The blended Cowan family welcomed another son – Noah – while Ms. Fitzgerald continued to be in demand on stage and screen. She played a nurse on TV in Dr. Simon Locke and a patient in Paul Bernard, Psychiatrist. For her role as a thrice-divorced floozy on the daytime soap opera High Hopes she earned an ACTRA award nomination.
She won plaudits, too, for her roles at the Shaw Festival at Niagara-on-the-Lake, including Leonora in the cunning character study Ladies in Retirement, in which she appeared in 1995. She performed at the Neptune Theatre in Halifax, the National Arts Centre in Ottawa, La Poudrière in Montreal, Toronto’s Royal Alexandra Theatre and the Sudbury Theatre Centre among other places.
She had the opportunity to work with famed Irish actress Siobhan McKenna when Ms McKenna directed John Millington Synge’s Riders to the Sea in Toronto in 1972. And she devised a one-woman show she called Cupla Focal (Gaelic for “a few words”) for university audiences, consisting of poetry and prose excerpts from great Irish writers.
Among her films were thrillers such as Obsession, Deadly Harvest and Silent Partner; in the latter, Elliott Gould played a bank manager and she, a flirtatious customer.
Ms. Fitzgerald was a regular on the TV quiz show What’s My Line, where she became fast friends with fellow panelist Larry Solway, a big personality who helped introduce talk radio to Toronto. Mr. Solway had started out as an actor in the 1950s and the two friends teamed up to mount a series of lighthearted productions, mostly of Neil Simon two-handers such as Plaza Suite at the Teller’s Cage in Toronto and other dinner theatre venues. Eventually they opened the Marigold Dinner Theatre in Whitby, with Ms. Fitzgerald overseeing the menu (she was an excellent cook) as well as acting the female parts with Mr. Solway. They mounted 17 productions in 3½ years.
The Toronto Star wrote of the two theatrical entrepreneurs in 1979 that the pair were “not exactly like [Spencer] Tracy and [Katharine] Hepburn, but close.”
As she got older, parts started to dry up and the energetic Ms. Fitzgerald along with her husband started a guest house at Niagara-on-the-Lake.
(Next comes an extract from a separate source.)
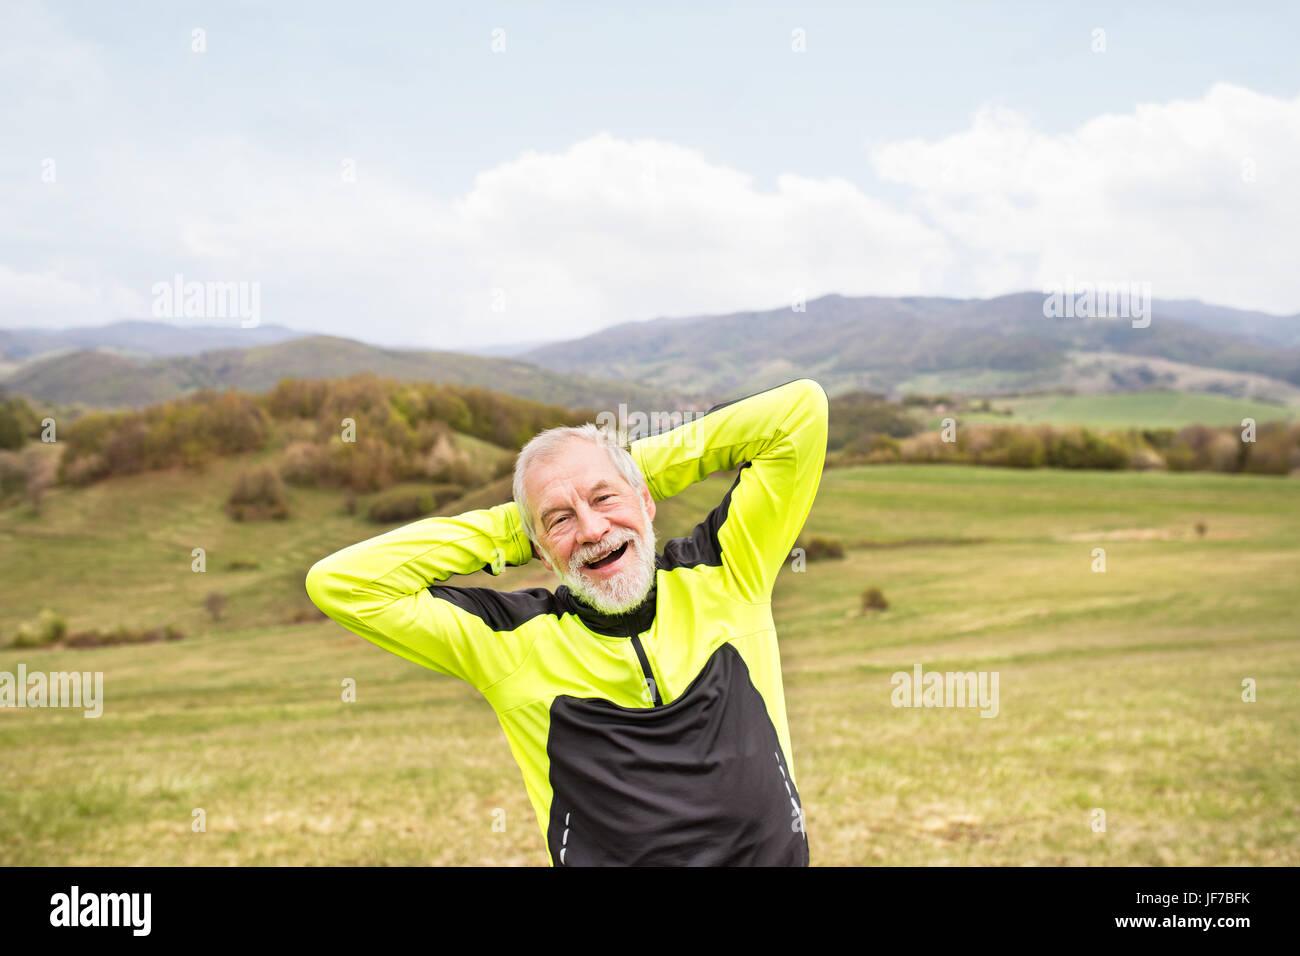 Aktive Senioren Läufer außerhalb auf grünen Hügeln, die Dehnung zu tun. Stockfoto

They later bought a house in County Kerry in Ireland where they spent their winters and made many new friends.
Their talented son Noah, who as a teenage film buff talked his way into a job at the Toronto International Film Festival, became a much respected programmer before he developed a fatal brain cancer. He died earlier this year, leaving the family devastated.
Ms. Fitzgerald leaves her elder sons, Brian, who owns a lighting business, and Timothy, a classical musician; as well as her sister, Ms. Boardman; her husband, Mr. Cowan; and five grandchildren. Her brothers, Patrick and Brian, predeceased her.